NASW Peggy Girshman Idea Grant Do’s and Don’ts

Thank you for your interest in applying for a Peggy Girshman Idea Grant. The NASW Grants Committee encourages anyone who has an idea for a project or resource that could benefit the field of science writing to apply. We’ve put together these tips to help you build a successful proposal.

First, some general guidelines: The NASW Grants Committee will consider proposals from individual applicants. However, we strongly encourage collaborations. The resource or project should be accessible to all U.S.-based science writers, including members and non-members. The project should not be for individual works, such as underwriting a single investigative piece. But an Idea Grant could, for instance, underwrite a study of the state of science writing in the United States, or a handbook for science writers.

If, after reviewing this year’s application materials, you’re still not sure whether your project qualifies for an Idea Grant, we encourage you to apply anyway.

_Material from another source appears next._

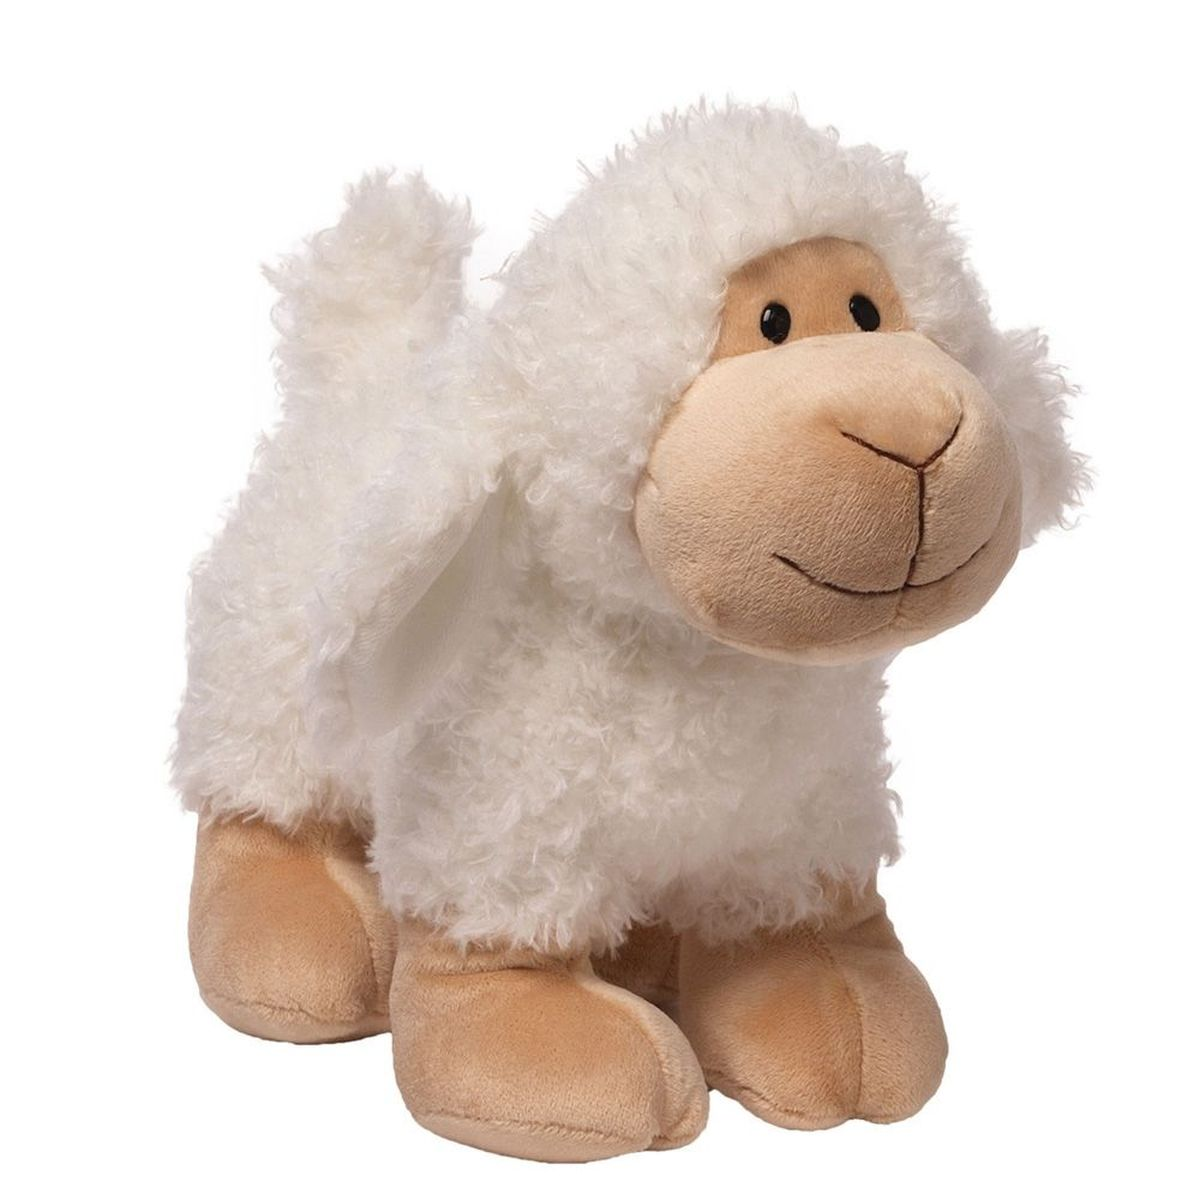 Gund Мягкая игрушка Wooly 23 см gund мягкая игрушка wooly 23 см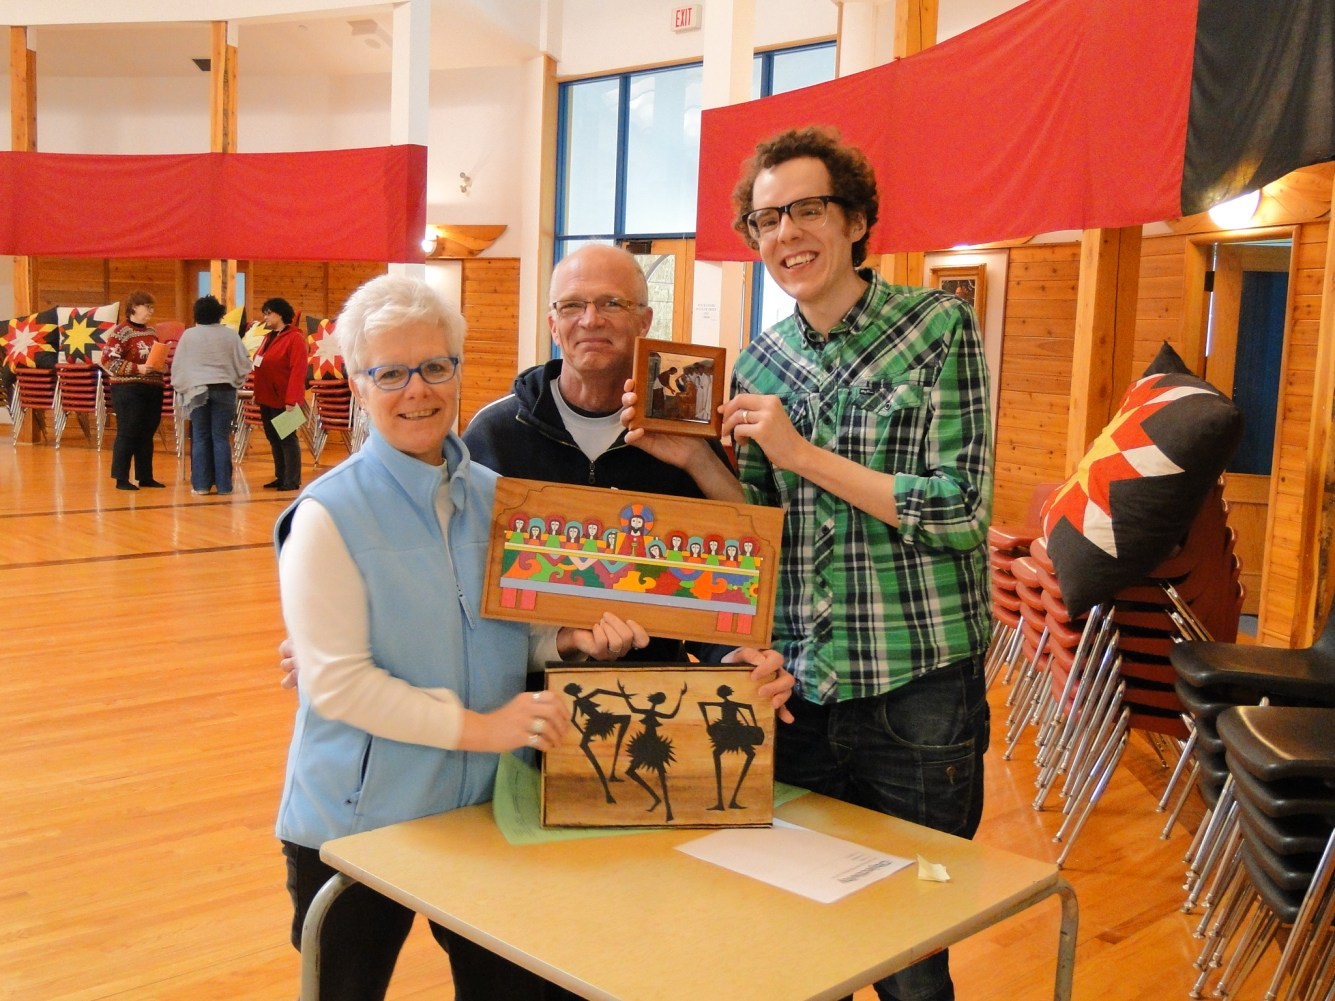 Lynn, Ian, and Josh play art critic

You may also contact Amy Nordrum, chair of the Grants Committee, at with any questions about the grants program or application process.

Here are some tips for putting together a successful application:

  • DO ensure the project/effort supports the professional lives of science writers or advances the field of science writing.

  • DO think both locally and nationally. How will you raise awareness of your event or other deliverables—both in your event’s location, and more widely?

  • DO outline your plans for diversity, equity, inclusion, and accessibility in project development, execution, and outreach.

  • DO consider project sustainability. Knowing that winning Idea Grant projects rarely if ever receive a second round of NASW funding, how will you ensure your project can continue once the initial NASW funds run out? What plans (if any) do you have for continued funding?

  • DO be sure to emphasize why you are best suited to carry out this project. Consider adding co-applicants who can provide necessary expertise, if applicable.

  • DO be sure to list possible financial offsets, such as registration fees or comp’ed services.

  • DO consider the reach of your proposed project. How many people will it impact, both within NASW and beyond it?

  • DO be conscious of the mandate to benefit U.S.-based science writers or advance the field of science writing in the United States. (We are unable to support projects that primarily benefit a foreign constituency.)

  • DO carefully consider your budget. Budgets should be feasible and detailed. (And don’t reflexively request the maximum funding, either; budget-conscious proposals tend to be viewed more favorably.)

  • DO consider charging a nominal registration fee for events (rather than providing free entrance). Past experience shows that charging a fee gives organizers a more accurate estimate of actual attendance.

  • DON’T forget to consider possible overlap with existing projects/websites/resources/etc. What makes this project unique and worthy of funding?

  • DON’T propose projects that serve mostly to advance your own career, such as a reporting trip, book, equipment, or blog.

  • DON’T forget to present a workable alternative budget.

  • DON’T neglect your deliverables. State what these deliverables will be and how they will be made available to NASW members, and propose an estimated timeline for distributing or publishing each item. Also consider: how will you ensure the continued availability of these resources over time?

  • DON’T assume in your budget that NASW will provide organizational resources such as web support and event planning, or handle other logistics required to complete your project. (For example, NASW’s event insurance does not cover events held by Idea Grant recipients.)